The artist, seeking to destabilise his audience, accentuates this sense of artificiality. Folland makes no attempt to disguise the mechanisms by which this kinetic sculpture operates, adverse as he is to trickery and illusion. The flimsy, thin walls of the structure

creak and groan under pressure from the motors affixed to the gallery walls. This sense of an art work designed to tear itself apart reminds one of Chris Burden’s Samson (1985), in which two timber girders attached a 100-ton jack slowly pushed apart the walls of the gallery, the tension increasing each time a new visitor passed through a linked turnstile. Or, of course, Jean Tinguely’s famous self-destroying sculpture, Homage to New York (1960), which tore itself to pieces on the lawn before the Museum of Modern Art. The soundscape of screeching of motors and the creak of warping timber generates an air of imminent doom.

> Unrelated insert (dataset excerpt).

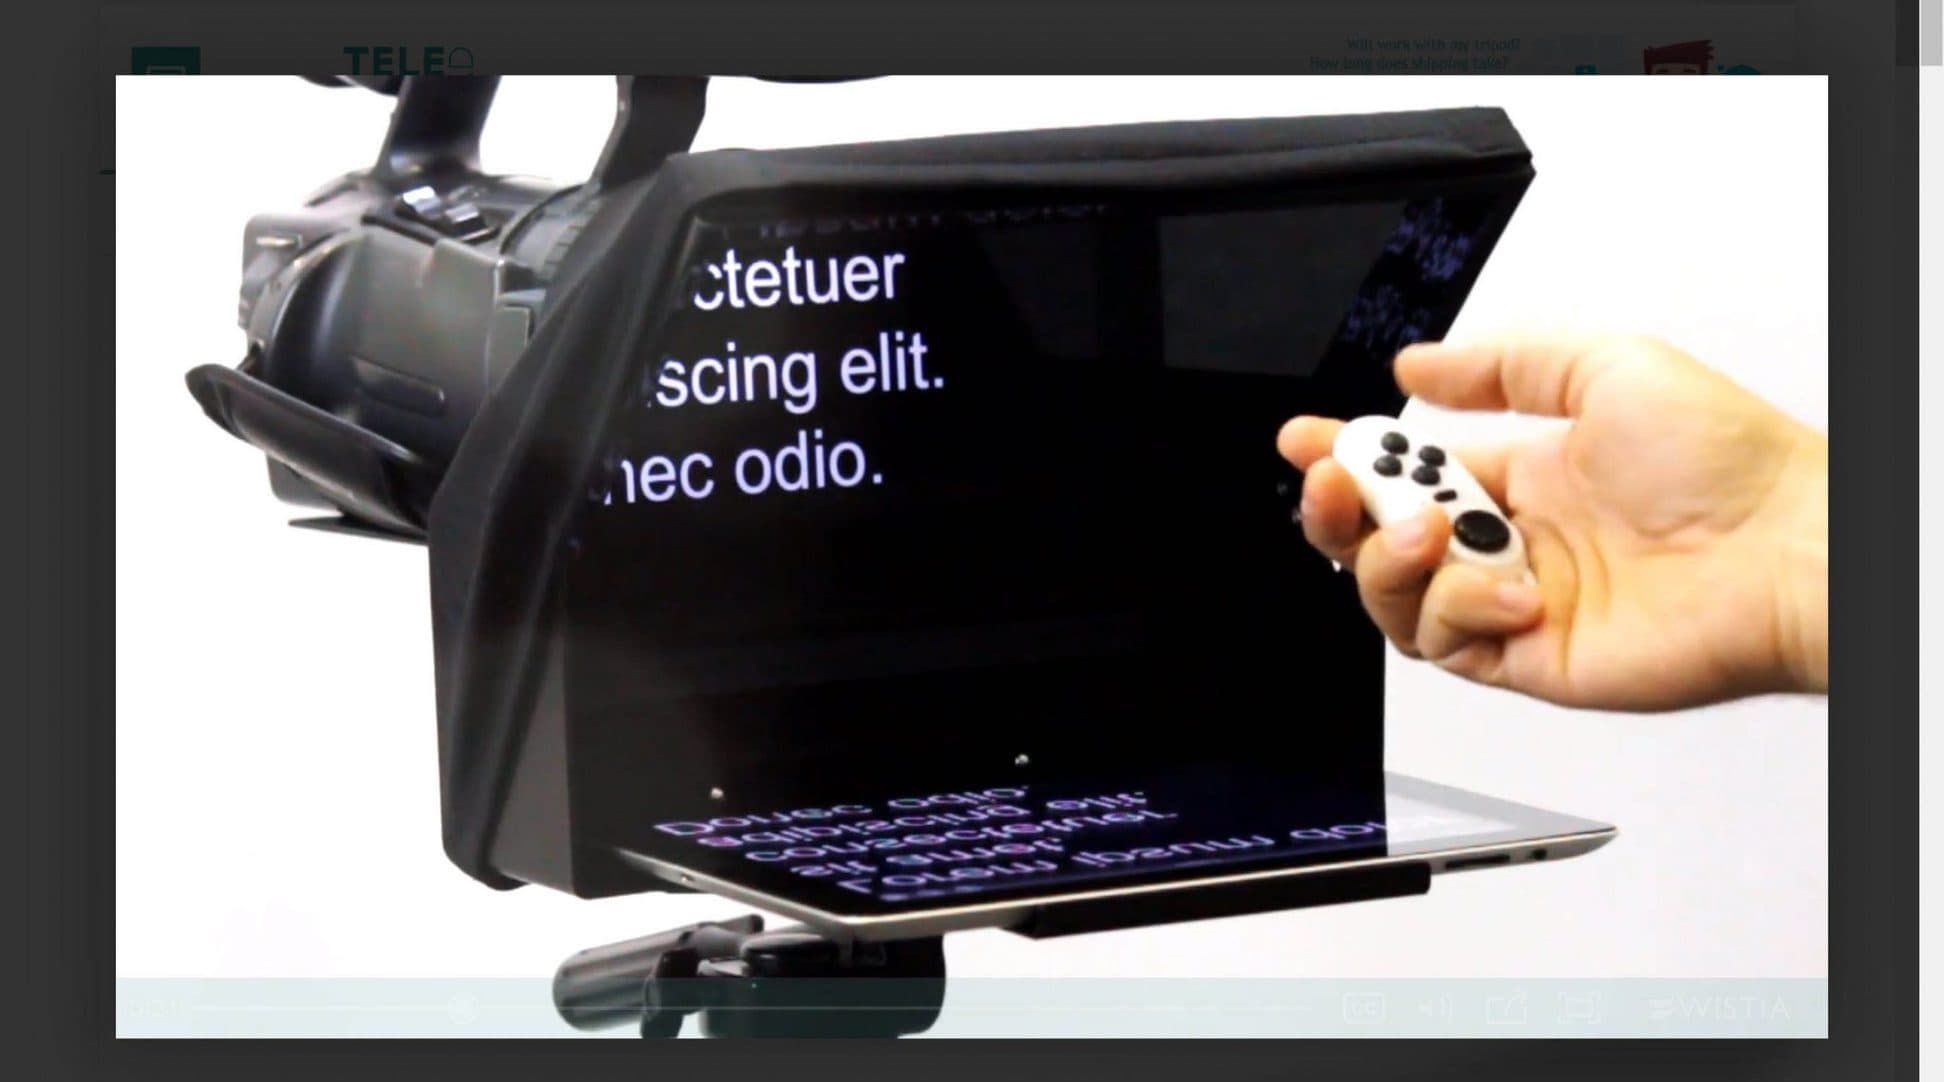 teleprompter meaning

Throughout much of Folland’s oeuvre, natural forces, formerly governed and harnessed through human ingenuity, run rampant and exhilaratingly disrupt cosy domestic scenes. In Folland’s world, torrents of water cascade from overflowing plumbing, and freezer units encase the fittings and fixtures in layers of ice. In Other Homes and Gardens, the floral pattern of the wallpaper has spread with an alarming abundance, covering every available surface, like the thorny thicket that swallows up the castle of Sleeping Beauty. Appropriately, this pattern is made entirely from thousands of individual vegetable prints. This is a reality in which the idea of the Anthropocene has been inverted, depicting humankind at the mercy of dangerous and implacable natural forces.

The creaking fragility of Folland’s structure evokes the precarity of human civilisation in the face of natural disaster. The worryingly listing walls and rolling furniture recalls Thomas Demand’s stop-motion animated film Pacific Sun (2012), in which the artist recreated the footage from the security camera in the titular cruise liner’s cafeteria, in the moments after it was struck by a tidal wave. Subtle shifts give way to calamitous side-to-side hurling of furniture. Both Demand and Folland describe natural calamities, not through direct illustration, but rather via their impact on sites of comfort and security. We don’t see the hurricane or the tsunami, but we feel its reverberations.

Nicholas Folland is the master of the uncanny domestic scene, the sense of banal reality made strange and terrifying. The kitchen of Other Homes and Gardens is at once a comfy, nostalgic space, and a topsy-turvy haunted house. What seems a humble space hums with foreboding, hinting at environmental catastrophe just beyond its shell-like walls.